Sample Midterm Exam
Part 1: Data Analysis in Excel
Answer each question below in a separate tab in an Excel workbook. You may create multiple copies of the data if needed.
- Download the fish dataset and open it in Excel. Using built-in functions calculate the mean, mode, and standard deviation of each column of numeric data. Be sure to provide labels in the Excel sheet for every value you calculate.
- Create a histogram of the Length of the Fish. Set the bin width to 500. How many bins are there? Which bin contains the most fish? How many? Be sure to include a title and adjust the axes so they can be easily read. Write the answers to the questions in the Excel file.
- Create a scatter plot of the Length of the fish vs. Age of the fish. Also create a scatter plot of Length of the fish vs. Temperature of the Water. Label the axes and title each of the plots.
- Using your columns of data, calculate the Pearson’s r correlation for the relationship between the Length of Fish vs. Age of Fish. Also compute the slope and y-intercept of the line of best fit using built-in functions (not by displaying it on the scatter plot).
- Without calculating the Pearson’s r correlation for the relationship between the Length of Fish vs. Temperature of the Water, can you make an educated guess for what it will be? Tell me what the Pearson’s r correlation tells you about the data set and why you made this guess.
Part 2: Python Basics
As this is a timed exam you do not have to provide detailed comments for your code, but you must use a comment to label the answers to each question.

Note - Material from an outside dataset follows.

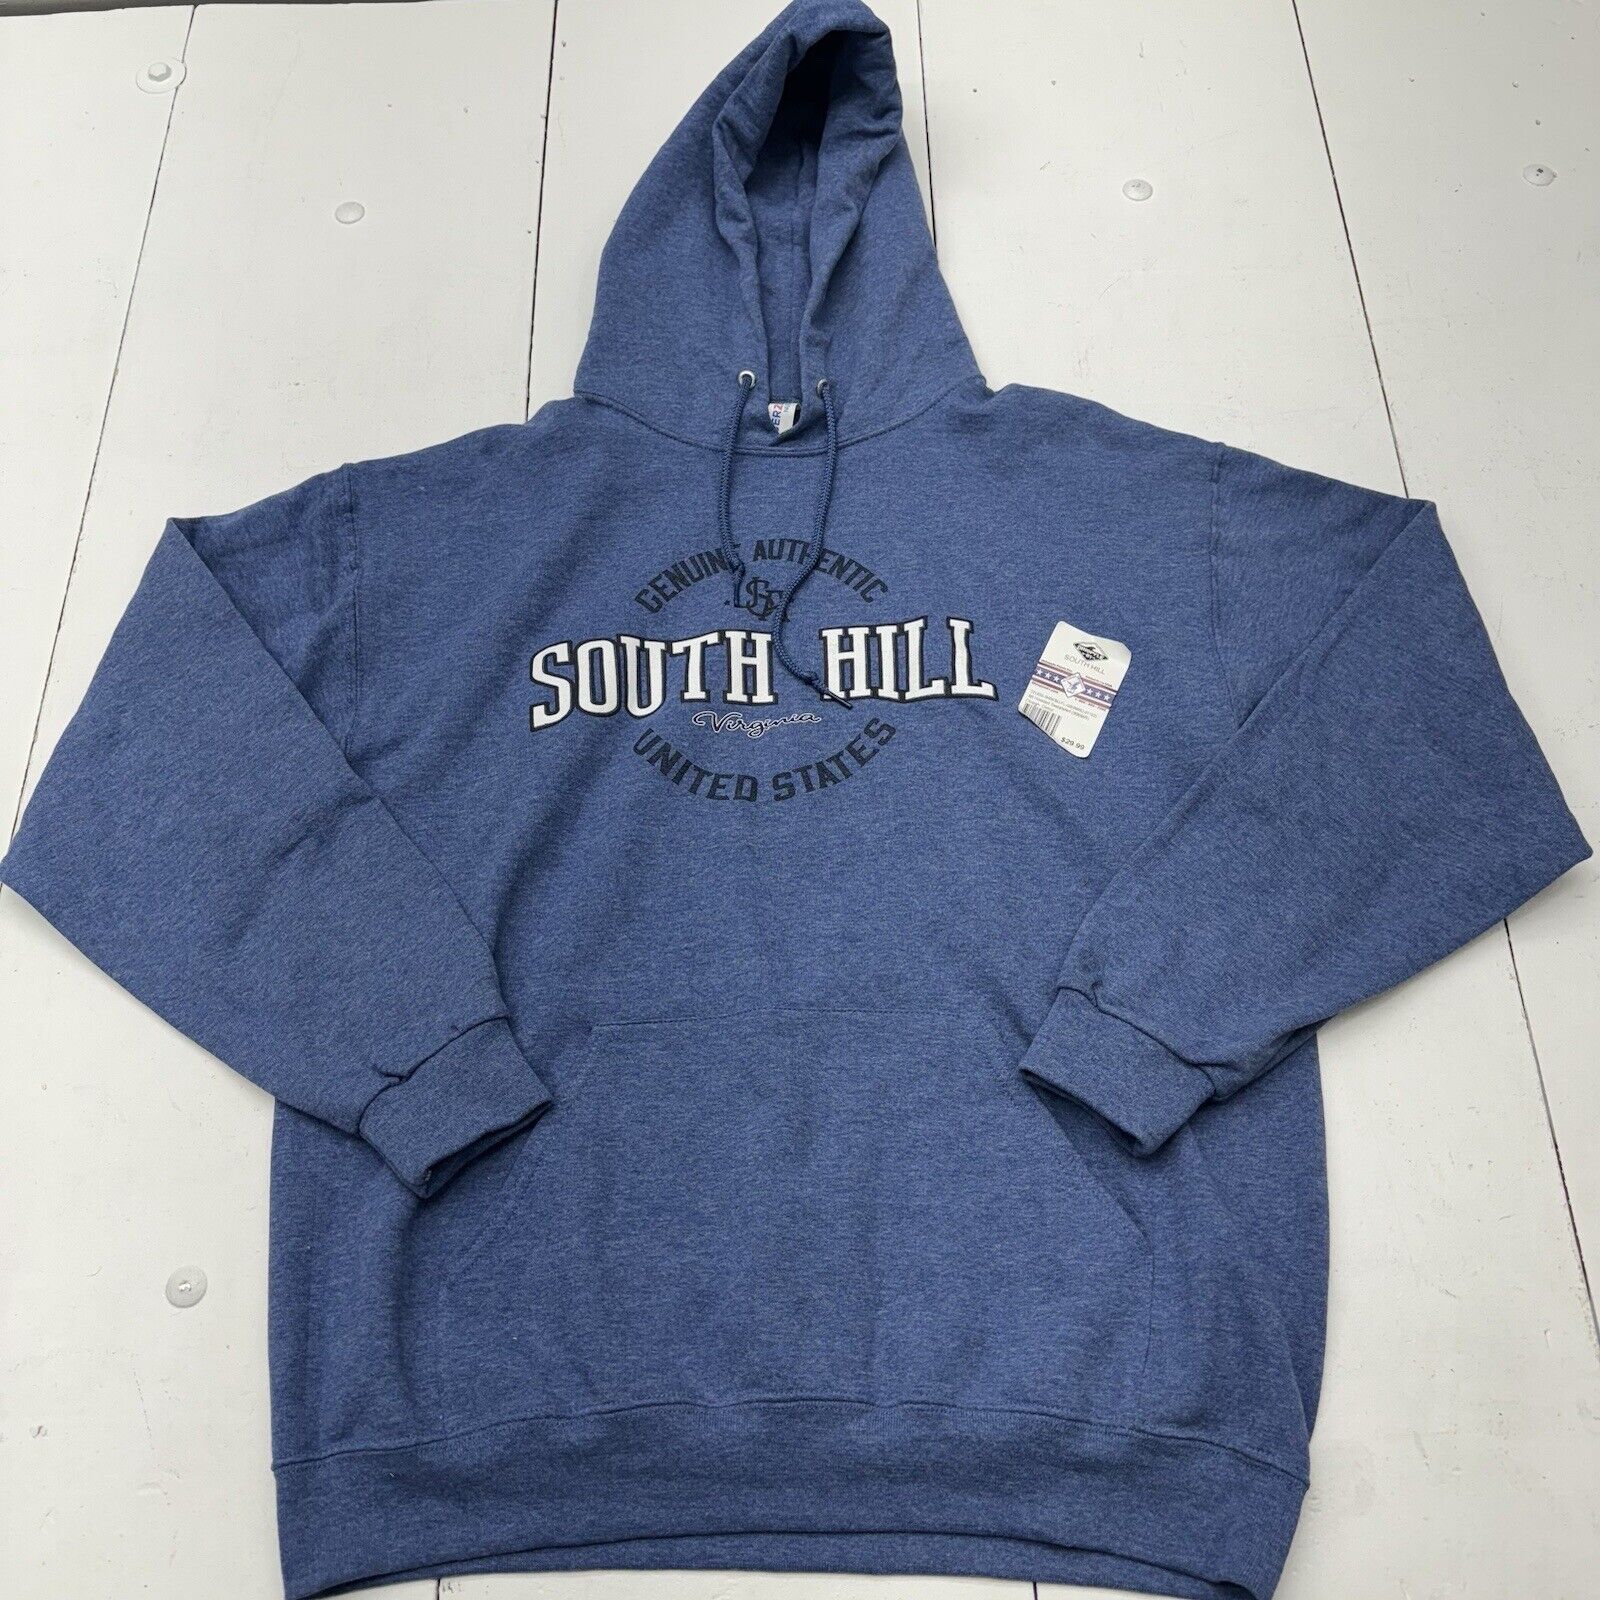 Jerzees Nublend Blue South Hill Virginia Hooded Sweatshirt Front Graphic Adult L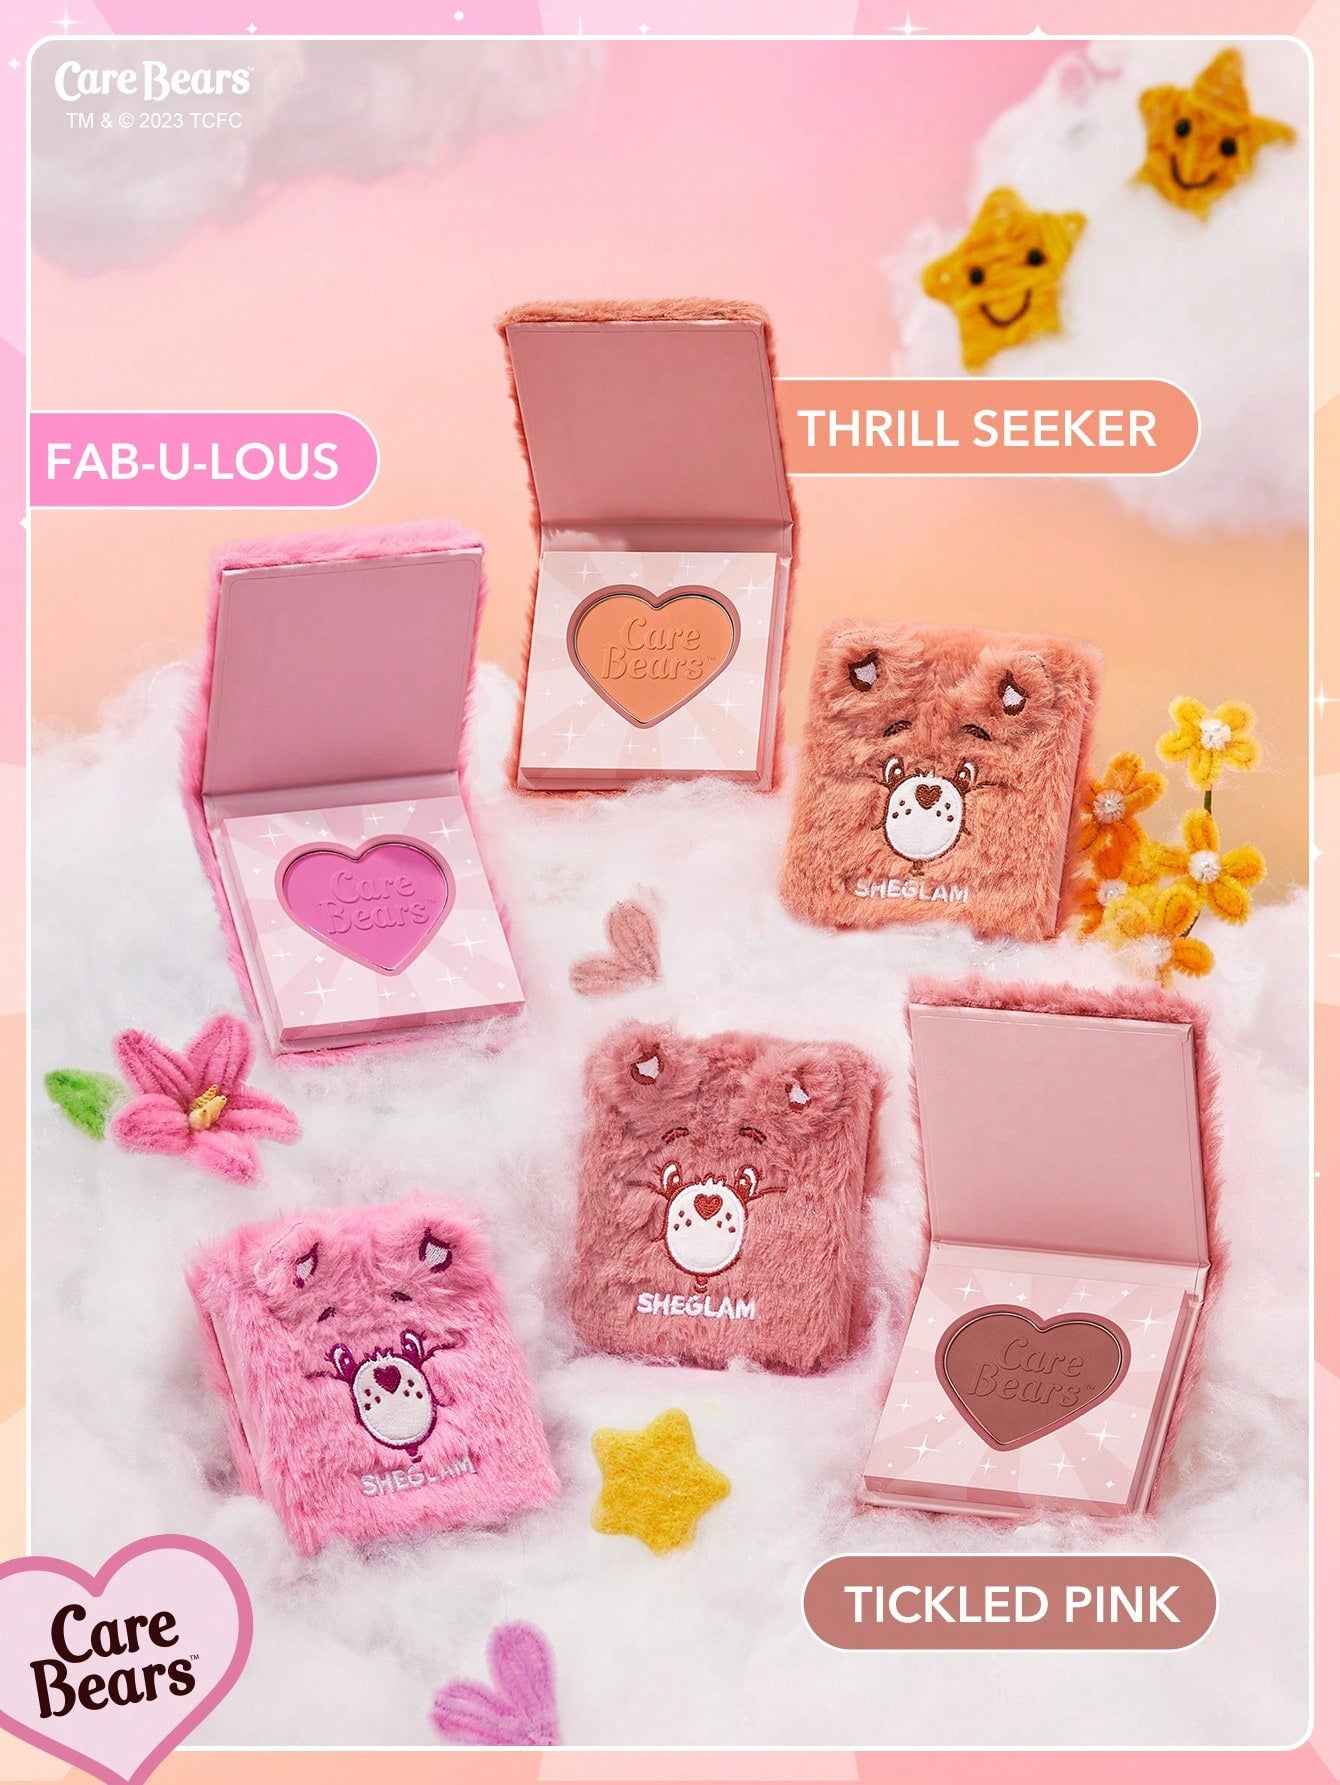 X Care Bears Cuddle Time Blush-Tickled Pink

- Write a function f(x) that returns 1⁄((1-x). Call the function for x=0.05 and print the answer.
- Use an appropriate loop to evaluate 1+x+x\(^2\)+⋯+x\(^{20}\) for x=0.05. Print the answer. [Hint: Your answers to #1 and #2 should be very similar.]
Part 3: Data Analysis in Python
As this is a timed exam you do not have to provide detailed comments for your code, but you must use a comment to label the answers to each question.
- Download the life expantancy dataset and load it as a Dataframe in a Python notebook. Generate a descriptive summary of the numerical columns of the data.
- Your output from #1 should include descriptive statistics including the standard deviation (abbreviated std) of each column of data. In a sentence or two (without using any mathematics), describe what is meant by this term.
- Two other columns of data are titled “Life Expectancy” and “GDP”. Make a scatter plot of these data. Label your axes and make the symbols small. Calculate and report a correlation coefficient. In a comment, interpret this value (e.g. “The results suggests there is very little correlation between the data.”). Add a line of best fit for the data to your scatter plot.
- What is the average life expectancy for entries before the year 2010? What is the average life expectancy for 2010 and later?